Islam mengatur dgn jelas kepada siapa-siapa saja seorang Muslim boleh melakukan pernikahannya dan begitupula sebaliknya kepada siapa-siapa saja yg tidak boleh dinikahi :
Adapun yg tidak boleh dinikahi : ********************* Perempuan musryik tidak boleh dinikahi lelaki Islam sebaliknya lelaki Musryik juga tidak boleh dinikahkan dgn perempuan Islam terdapat dalam ayat 2/221 dan 60/10.

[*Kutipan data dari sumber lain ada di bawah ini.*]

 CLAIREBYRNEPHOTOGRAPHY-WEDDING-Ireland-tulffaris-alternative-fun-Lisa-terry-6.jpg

Perempuan yg pernah jadi istri bapak kandung tidak boleh dinikahi menurut ayat 4/22.
Orang juga tidak boleh menikahi ibu kandung anak kandung saudari kandung saudari bapak kandung saudari Ibu kandung anak saudara kandung anak saudari kandung mertua anak tiri yg ibunya sudah dicampuri yg pernah jadi istri anak kandung. Juga tidak boleh menikahi dua perempuan bersaudari kandung sekaligus. Semua ini tercantum dalam ayat 4/23.
Mereka yg boleh utk dinikahi : ********************* Perempuan yg terjaga dalam pemeliharaan ibu bapaknya buka ayat 4/24
Hamba sahaya perempuan (pembantu urusan) dgn perkenan majikan atau keluarga mereka buka ayat 4/25
Perempuan dari Ahli Kitab yg menjaga kehormatannya buka ayat 5/5
Perempuan beriman yg lari dari suaminya yg kafir boleh dinikahi setelah iddahnya habis dan setelah mas kawin yg diterimanya dikembalikan kepada bekas suaminya yg kafir itu. Silahkan buka ayat 60/10.
Perempuan janda buka ayat 24/32 dan juga perempuan janda beranak yatim sebagaimana pada ayat 4/3.
Demikianlah adanya sedikit penguraian singkat seputar Pernikahan dan Perbudakan didalam Islam.